- _REQUIREMENT_
The line with "Rca Informatique - image", the line with "Dies ist ein", and all lines between them in the material below: return these exactly, and no others.

- _RECORDS SHOWN_

□ □ □

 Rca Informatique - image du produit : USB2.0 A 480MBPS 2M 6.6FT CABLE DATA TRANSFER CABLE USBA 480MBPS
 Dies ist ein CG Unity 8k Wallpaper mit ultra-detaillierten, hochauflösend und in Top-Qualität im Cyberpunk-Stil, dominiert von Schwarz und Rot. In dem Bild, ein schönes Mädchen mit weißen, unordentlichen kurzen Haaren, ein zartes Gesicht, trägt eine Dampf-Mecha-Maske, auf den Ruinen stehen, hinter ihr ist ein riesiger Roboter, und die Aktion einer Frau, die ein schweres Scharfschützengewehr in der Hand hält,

□ □ □

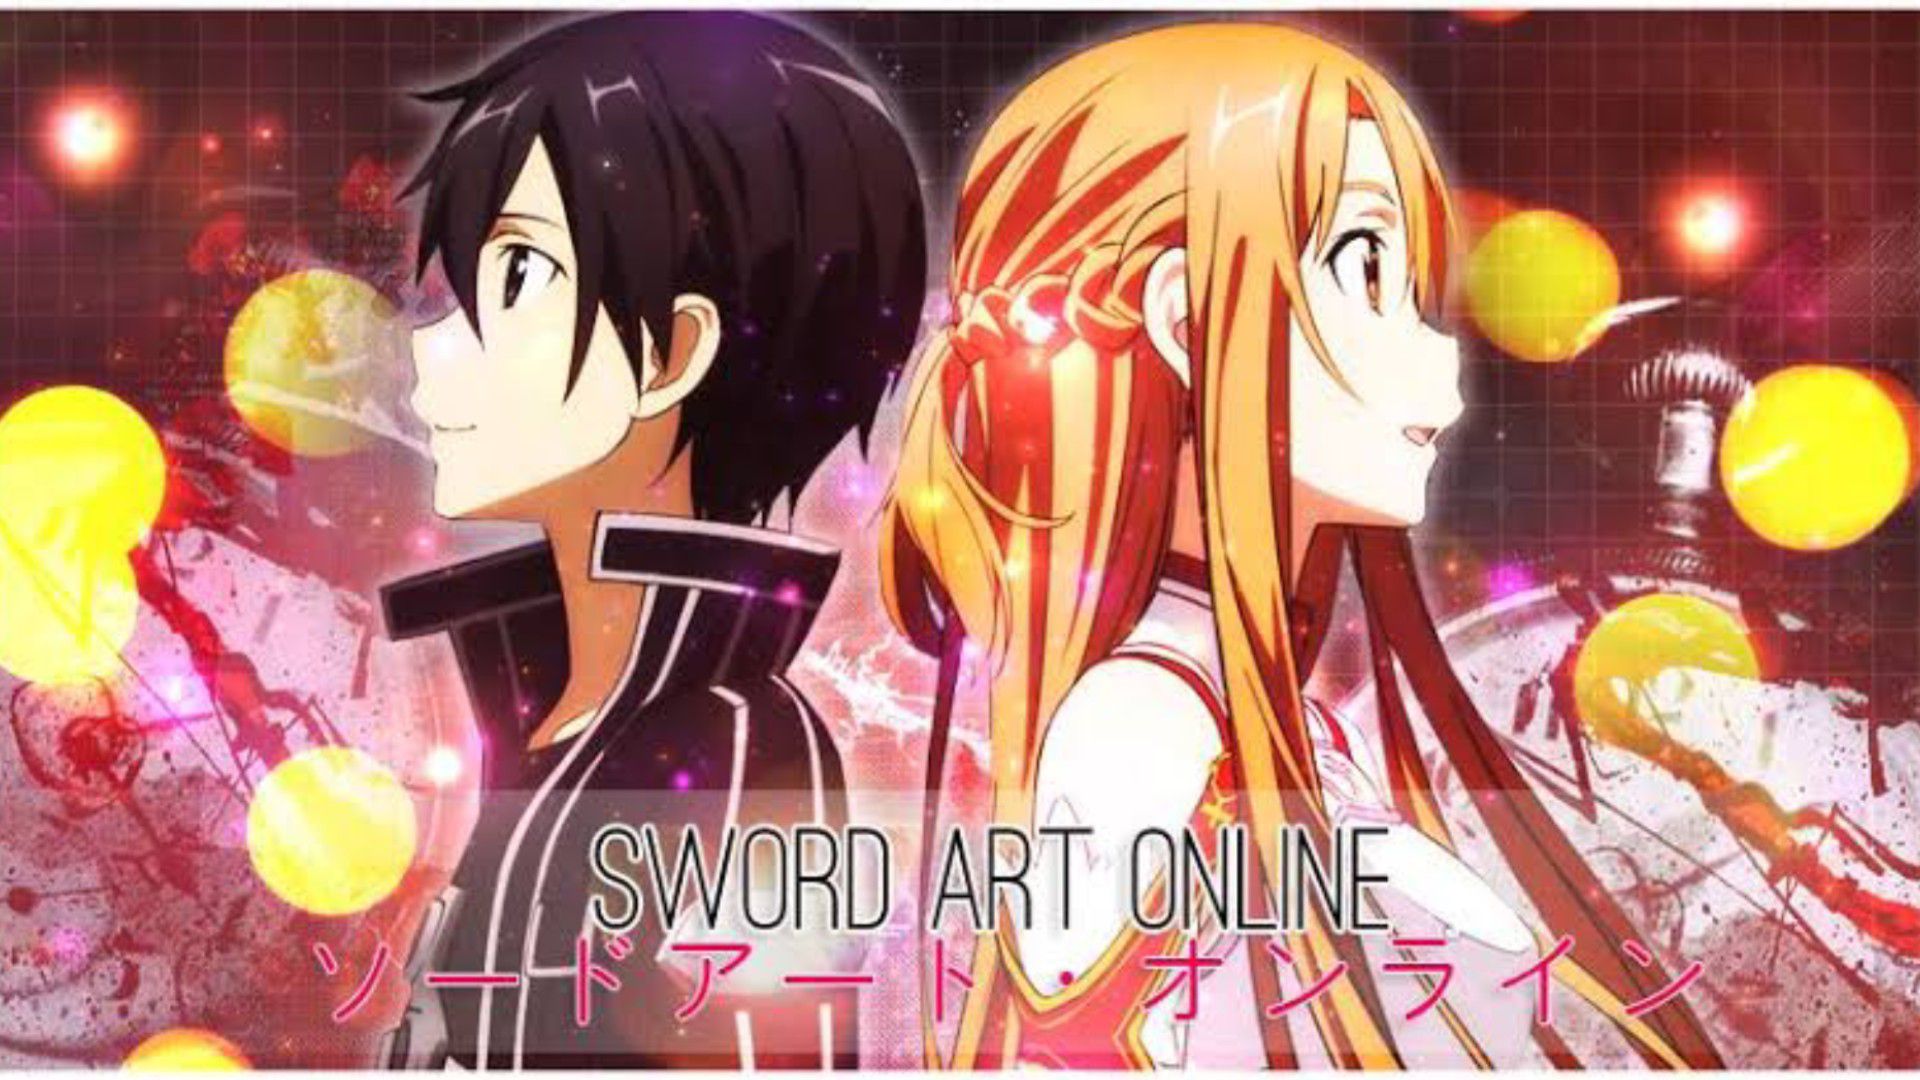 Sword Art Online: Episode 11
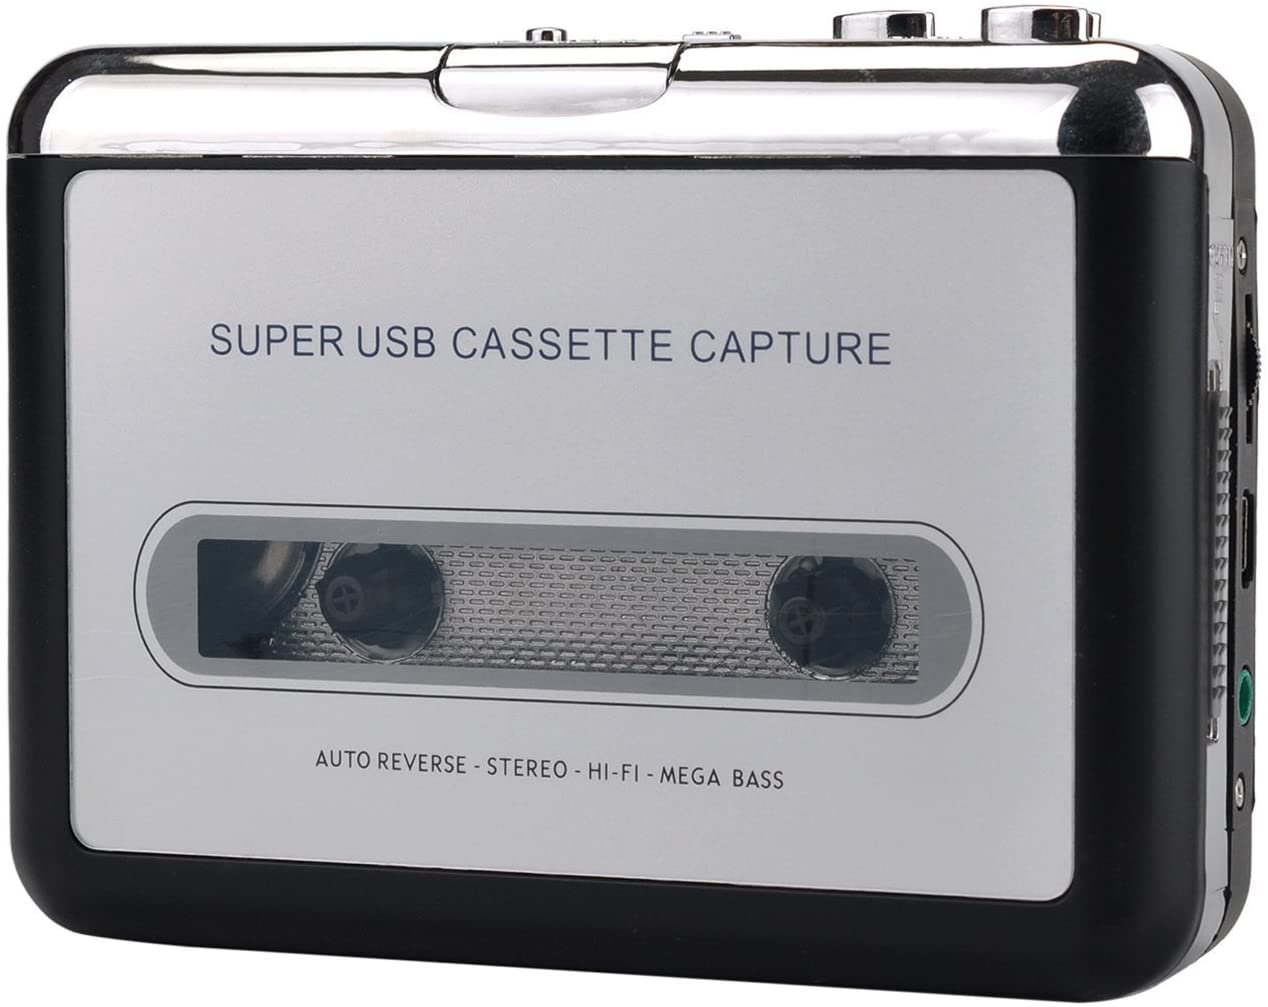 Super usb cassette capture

□ □ □

- _RESULT_
 Rca Informatique - image du produit : USB2.0 A 480MBPS 2M 6.6FT CABLE DATA TRANSFER CABLE USBA 480MBPS
 Dies ist ein CG Unity 8k Wallpaper mit ultra-detaillierten, hochauflösend und in Top-Qualität im Cyberpunk-Stil, dominiert von Schwarz und Rot. In dem Bild, ein schönes Mädchen mit weißen, unordentlichen kurzen Haaren, ein zartes Gesicht, trägt eine Dampf-Mecha-Maske, auf den Ruinen stehen, hinter ihr ist ein riesiger Roboter, und die Aktion einer Frau, die ein schweres Scharfschützengewehr in der Hand hält,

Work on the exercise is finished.